Metaverse interactions as “uncomfortable”
Another incident took place with a female journalist who described her metaverse interactions as “uncomfortable” due to a lack of rules about etiquette in these spaces while another used the term “unnerving” when considering the unexpected and risky nature of certain rooms.
The metaverse is being designed by various companies with various mechanisms in place to prevent interpersonal victimization, but standards and rules must be in place – and faithfully applied – when individuals are inevitably targeted and harmed. To wit, any virtual environment needs to have a robust (and frequently updated) set of Community Guidelines to define behavioral expectations, as well as to declare the existence of disciplinary policies for conduct breaches.

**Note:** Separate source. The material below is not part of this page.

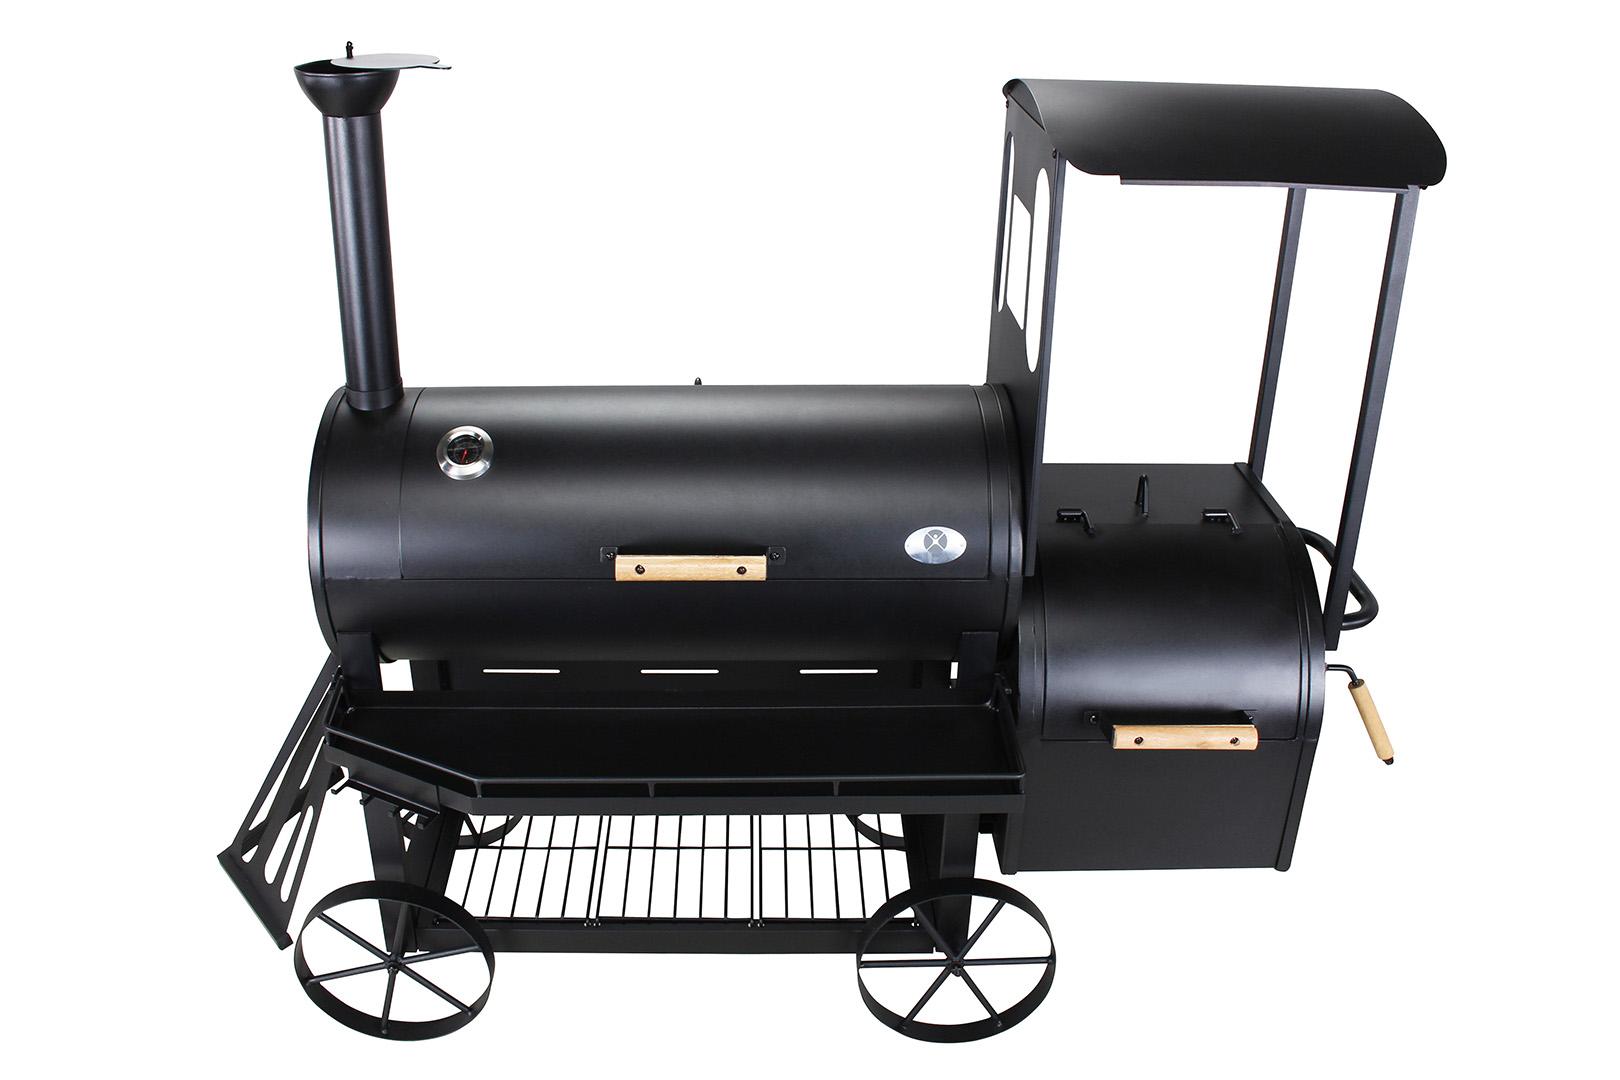 Gas Und Holzkohlegrill Mit Smoker : El fuego ay smoker holzkohlegrill ottawa s grill grillwagen
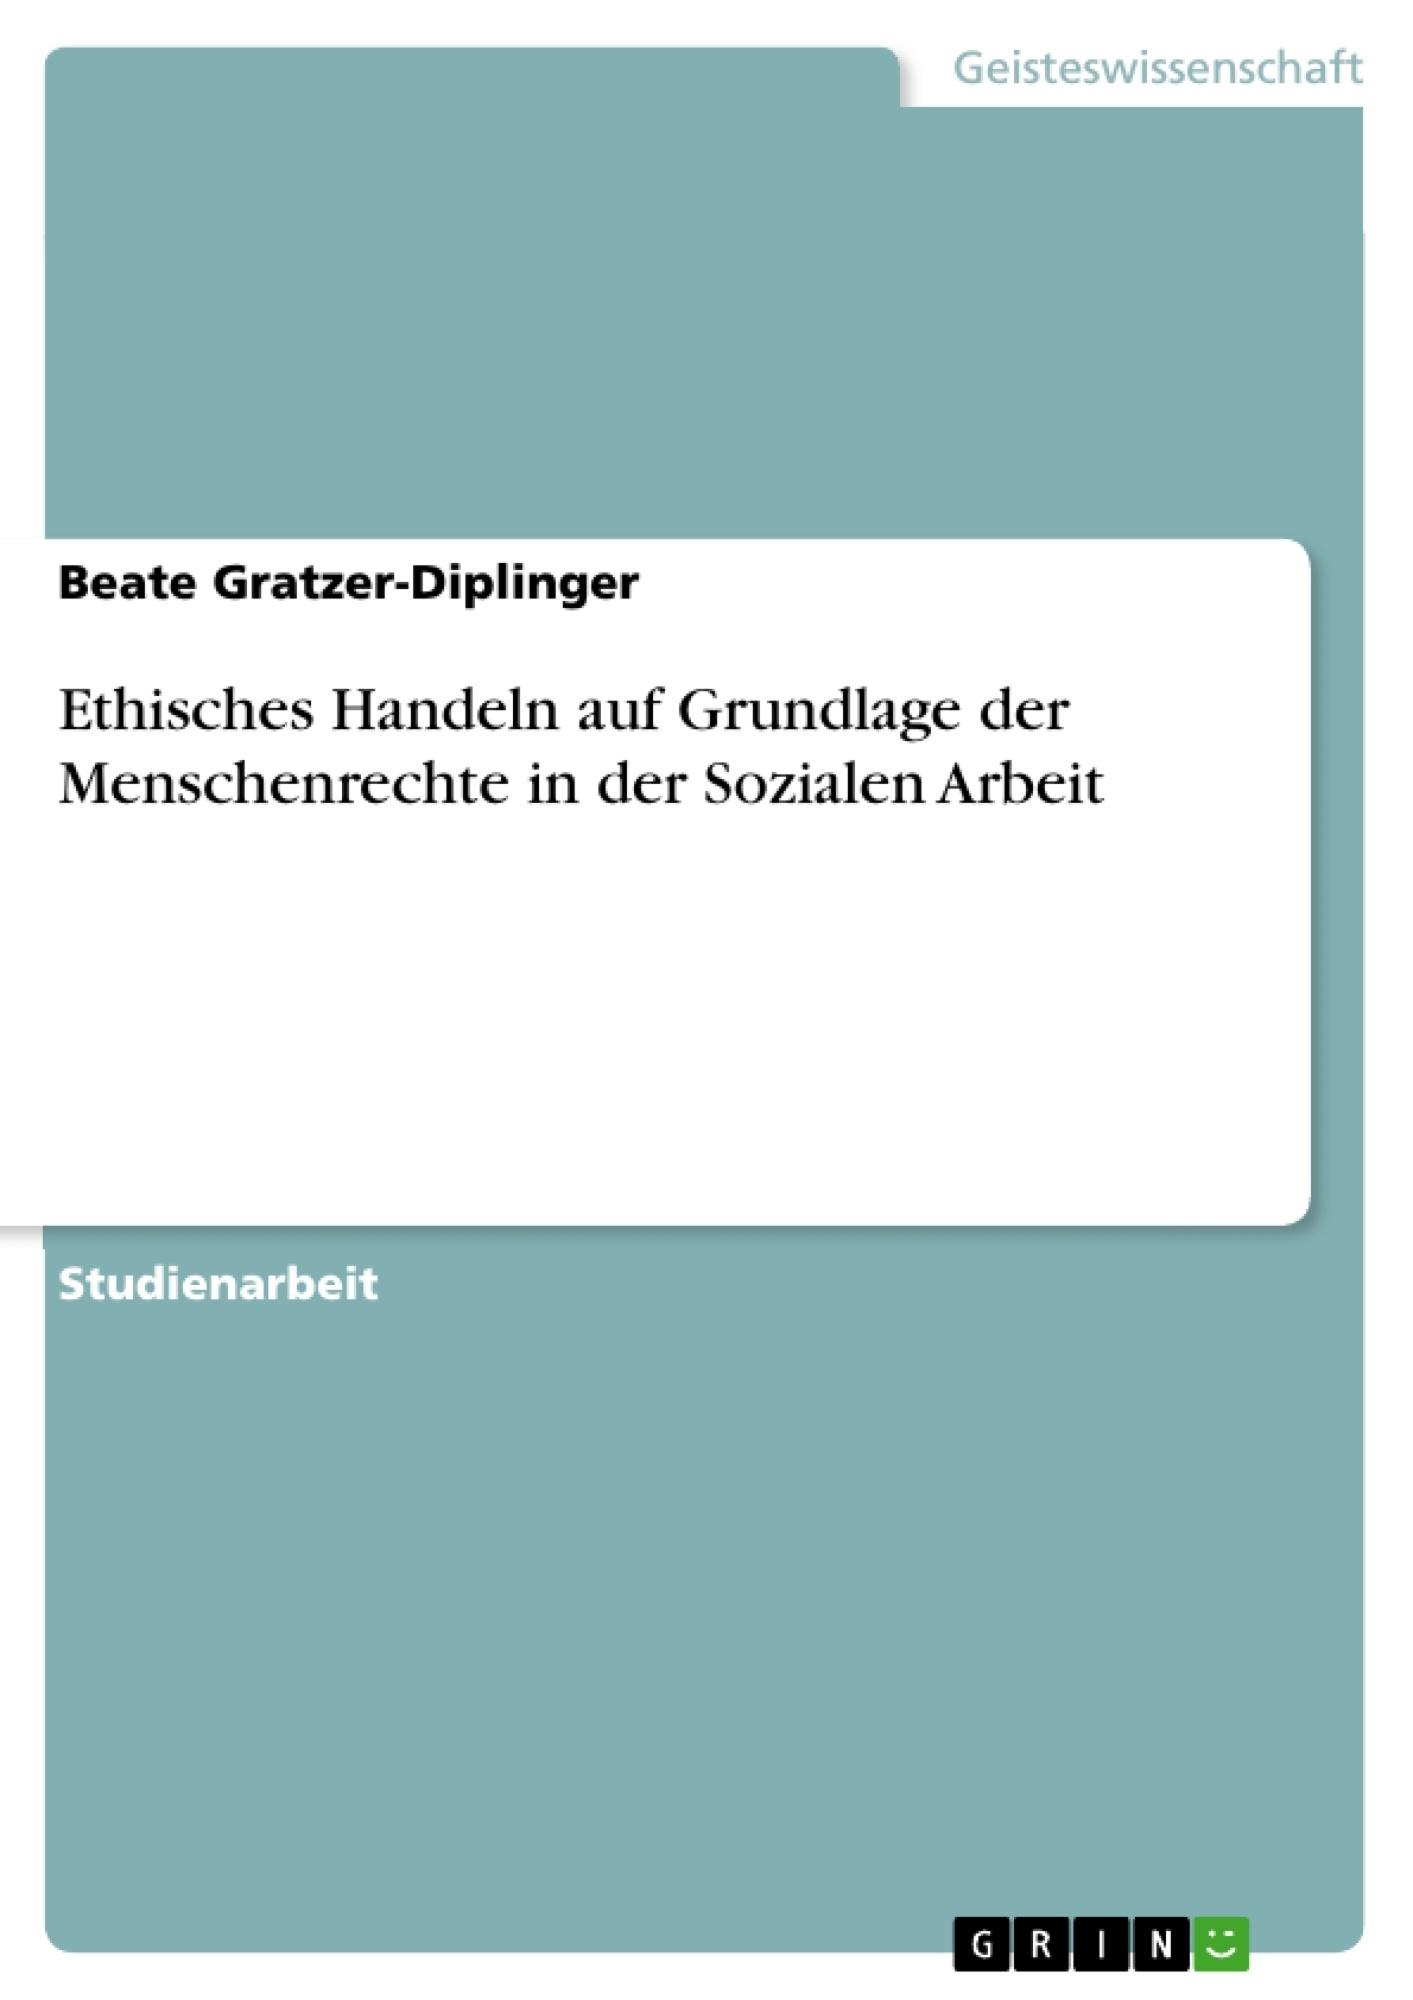 Titel: Ethisches Handeln auf Grundlage der Menschenrechte in der Sozialen Arbeit

On Meta, thousands of content moderators work around the clock to flag posts for hate speech, misinformation, and more, with the support of software that can read text. But moderating behavior in virtual reality is much harder, both computationally and manually. Instead of just scanning text, you have to process spoken language, visible gestures, how people are moving between one another, and more.
The flip side to this is contact theory, the notion that people are more tolerant when they meet in person and can make eye contact or hear someone’s voice. Is it possible people will just be nicer to each other in the metaverse?